Set down the full listing exactly as given. Any pictures are to be left out.

» PROVIDED MATERIAL
Content starts
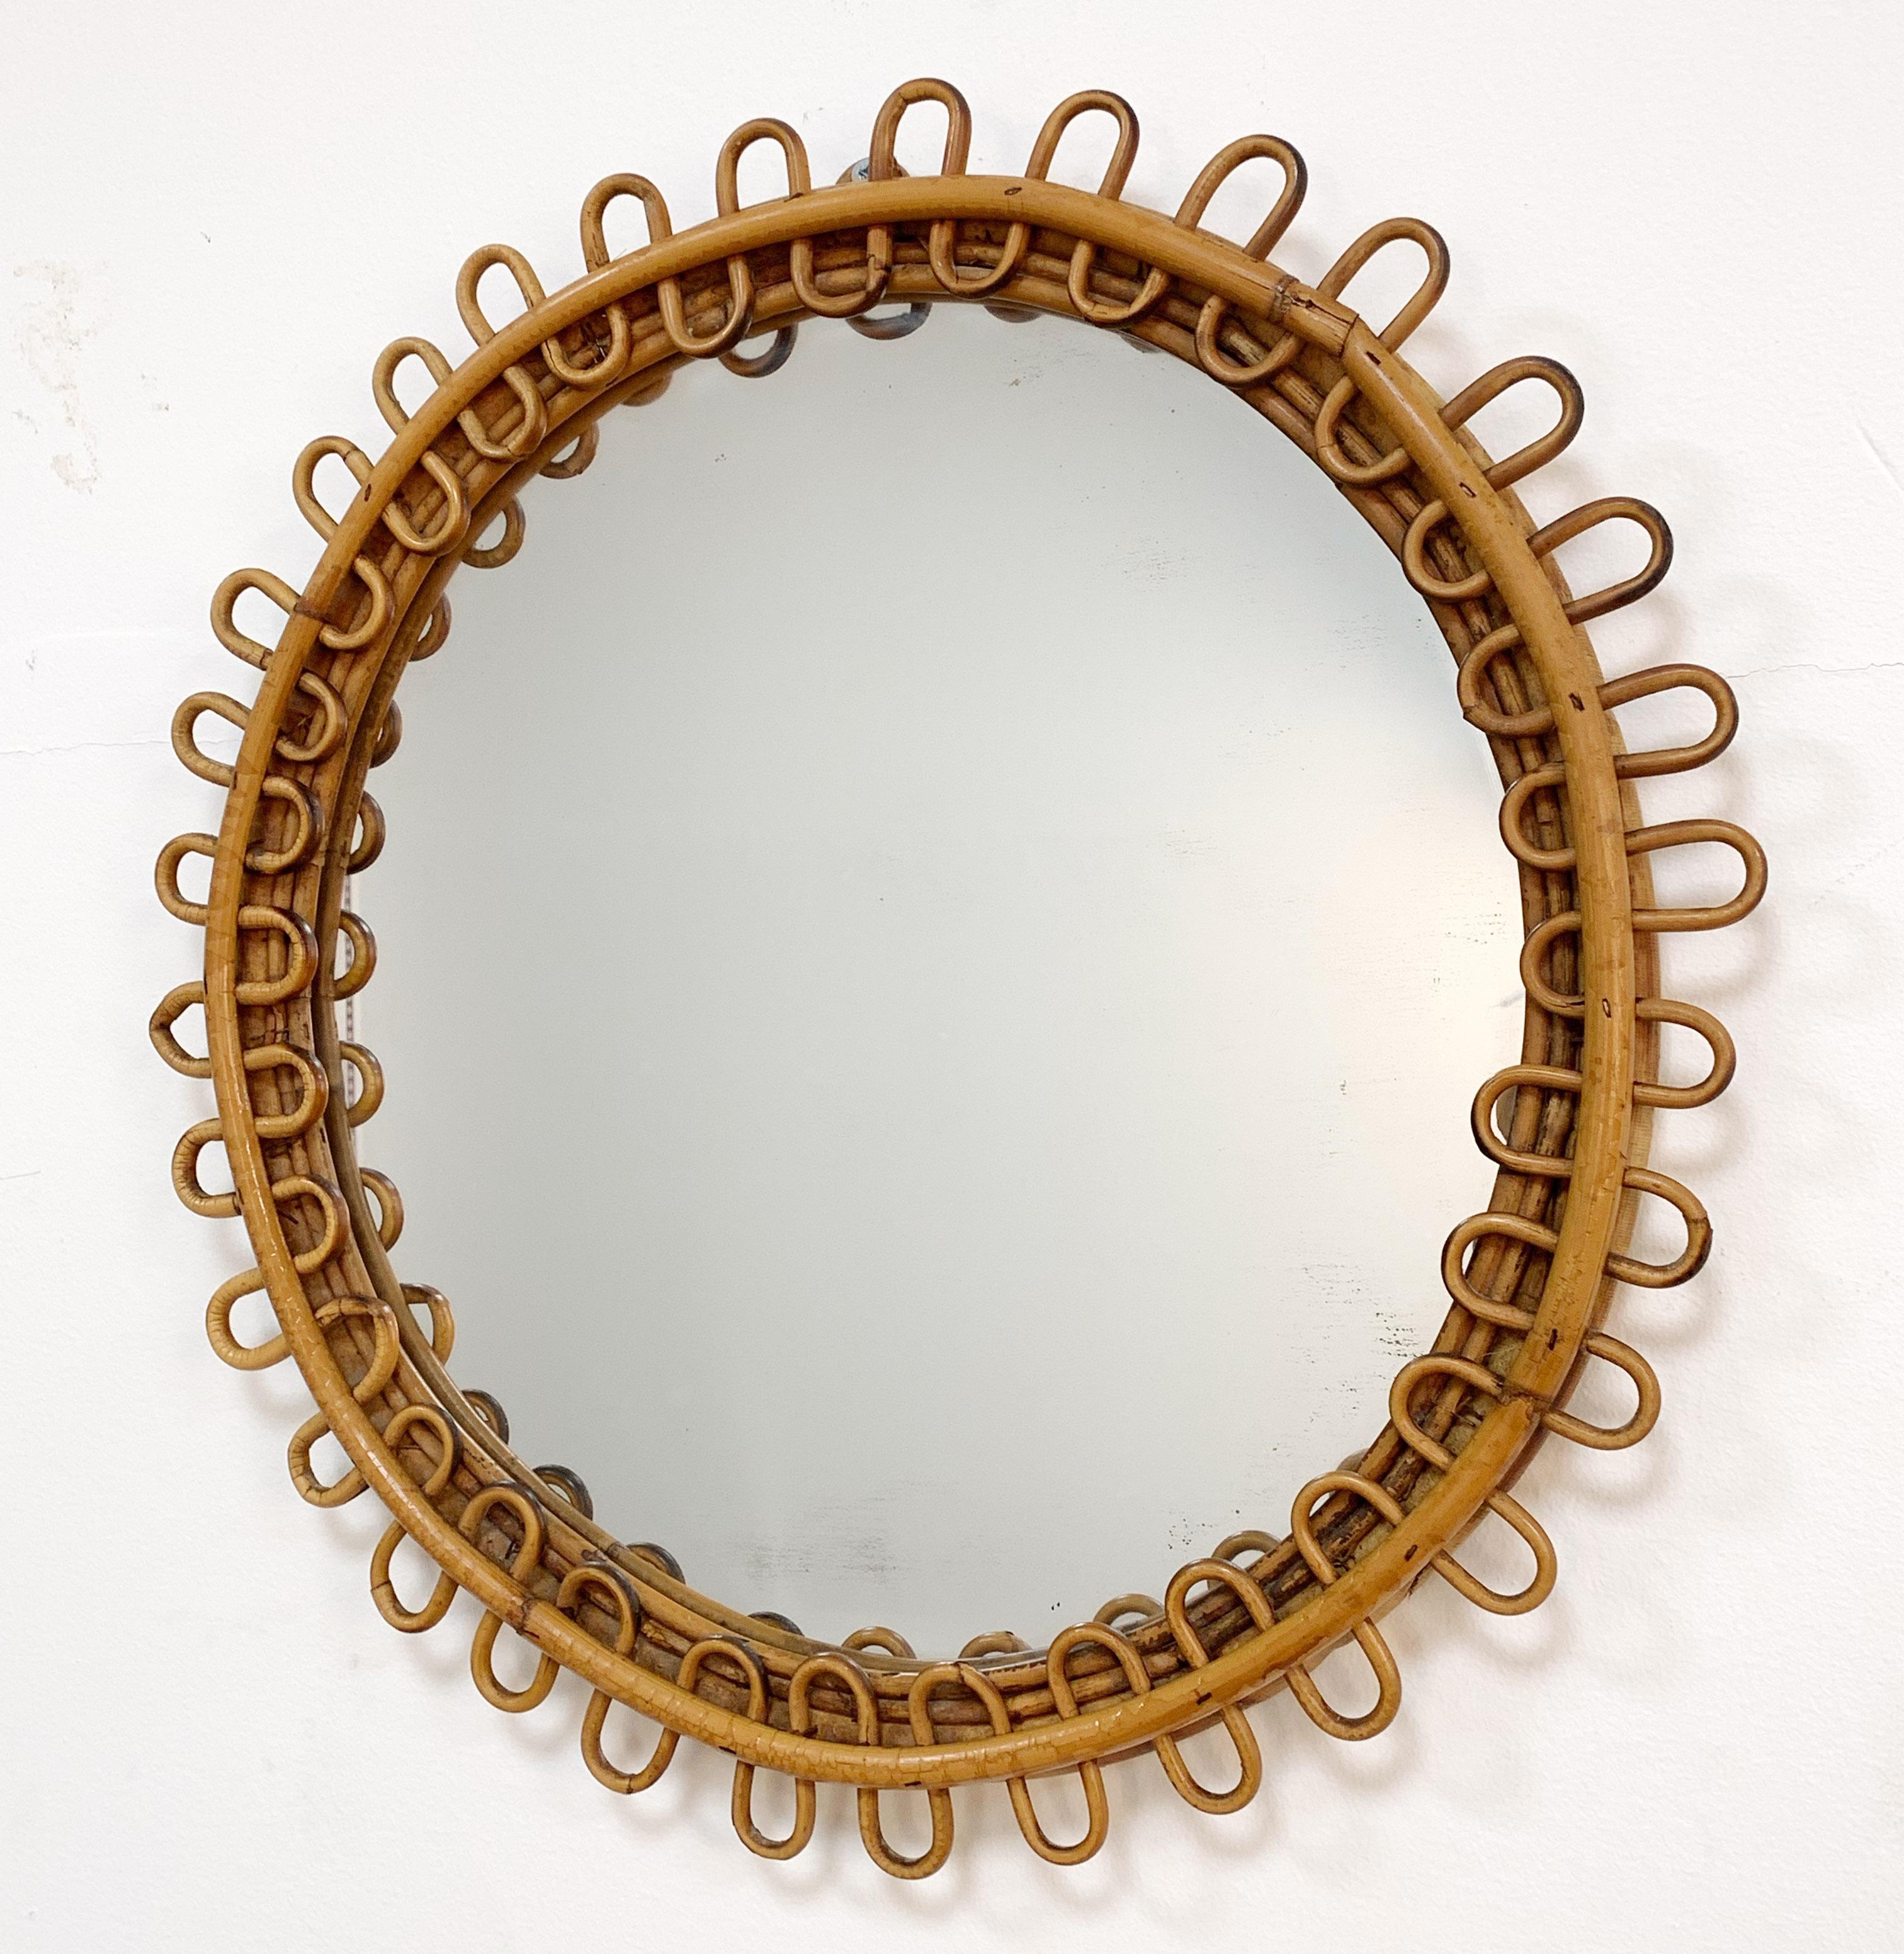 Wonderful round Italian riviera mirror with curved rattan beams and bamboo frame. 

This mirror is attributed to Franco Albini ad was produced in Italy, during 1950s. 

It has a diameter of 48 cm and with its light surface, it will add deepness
Content ends
» THE ANSWER
 Wonderful round Italian riviera mirror with curved rattan beams and bamboo frame. 

This mirror is attributed to Franco Albini ad was produced in Italy, during 1950s. 

It has a diameter of 48 cm and with its light surface, it will add deepness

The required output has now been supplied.